Crypto Update: ETH mining at the edge
Cryptocurrency analyst, Saxo Bank Group
Summary: ETH mining profitability heads to zero; central banks discuss digital currencies; Bitcoin Cash is facing a hard fork.
No profits in mining ETH
According to a recent Susquehanna research report, the profitability of Ethereum mining using graphics cards produced by chipmakers such as AMD and Nvidia has reached null. Profitability has been on the decline since the beginning of this year. Also, the network hash rate has been decreasing since August of this year, demonstrating that more miners are leaving the network than joining. Profitability combined with the decline in hash rate could indicate the approach of capitulation for the Ethereum market. Additionally, the decline in profitability could mean that the downtrend in revenue from selling graphics cards to cryptocurrency miners is approaching a bottom for chip manufacturers going forward.

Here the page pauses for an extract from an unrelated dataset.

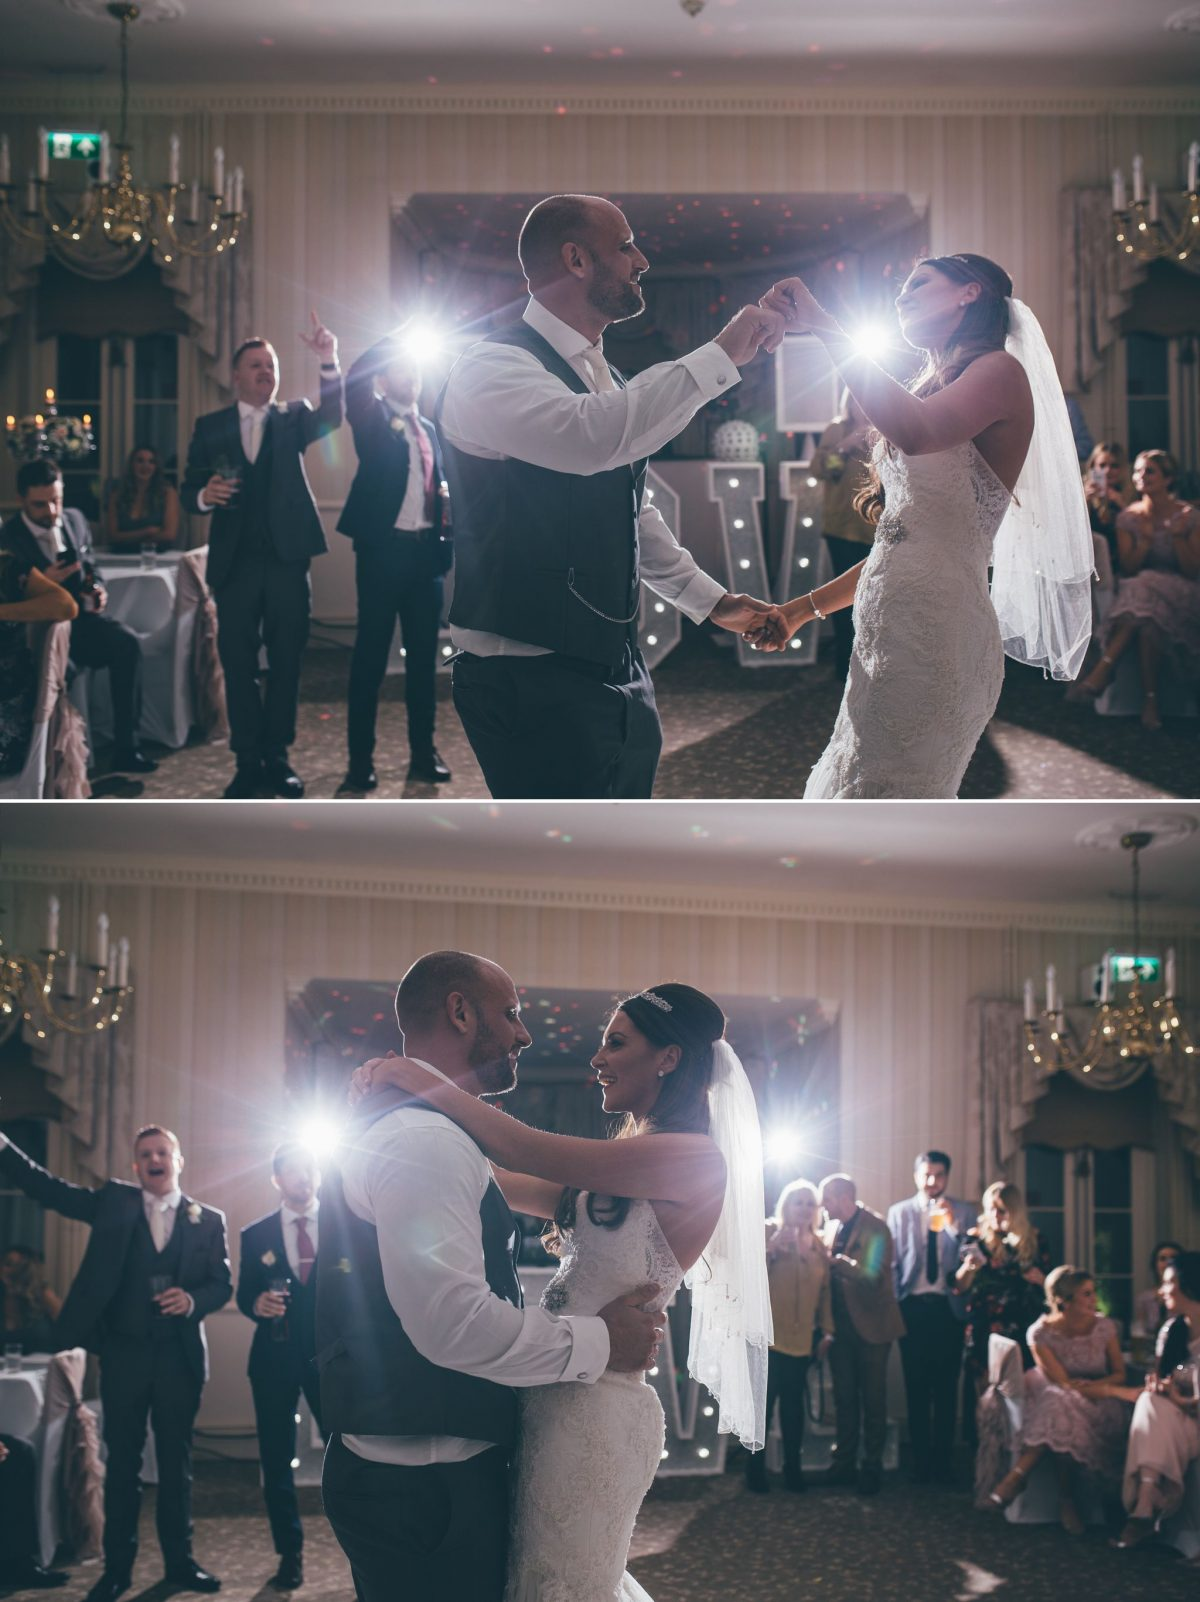 welsh_wedding_photographer_rachel_lambert_photography_decourceys_cardiff_rhiannon_gavin_ 87
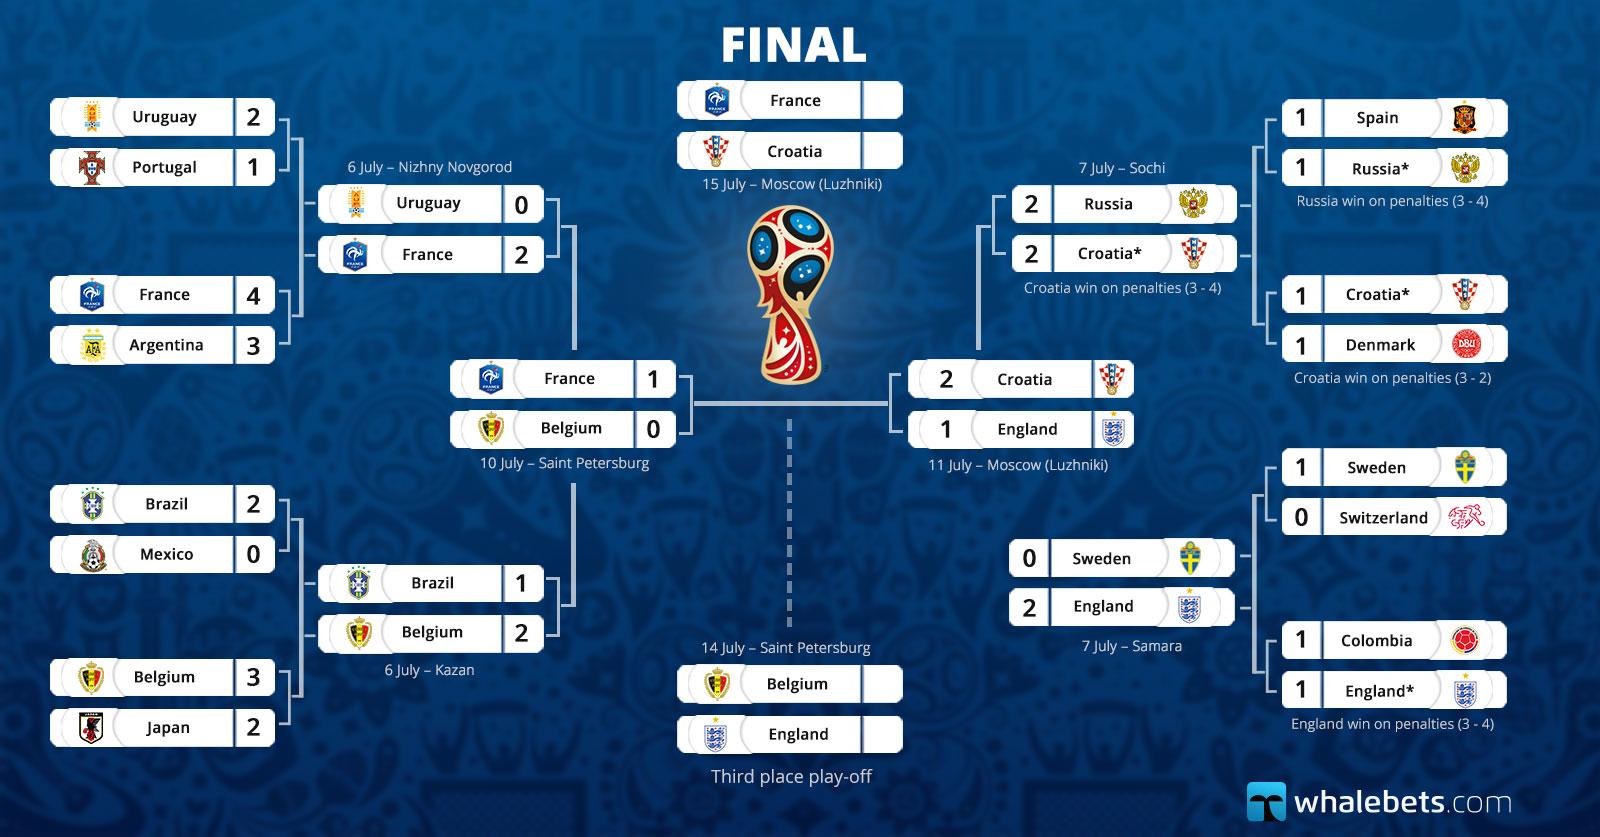 2018 Fifa World Cup Russia - Wallchart - 12 July

Central banks mull issuing digital currencies
Central banks are increasingly exploring the implications of issuing a central bank digital currency, or CBDC, that would have certain characteristics of cryptocurrencies combined with the centrally-planned characteristics of fiat money. The Swedish Riksbank released a report detailing the implications of creating an e-krona, considering the total cash in circulation is dropping below 1% of GDP. Additionally, the Bank of Korea and the Bank of Israel have released reports, with the former more open to issuing a CDBC than the latter. Despite the range of opinions from central banks, one thing that all of them agree on is that a CBDC will have far-reaching implications for the banking sector that no one fully understands yet.
Bitcoin cash fork
There is an upcoming hard fork or network split on the Bitcoin Cash blockchain, which itself is a hard fork of the main Bitcoin blockchain. This split is particularly interesting because on one side there are nodes, which are computers that run the software, making it more robust against outages. On the other side there are miners, who make the network more secure against attacks.
Once the network splits, the market will have the first real-world test on whether it is nodes or miners that give the most value to a network. Currently in pre-market trading, investors are valuing the network split with the most nodes (users) at a 30% premium. All eyes are watching as the fork is scheduled to take place tomorrow, November 15.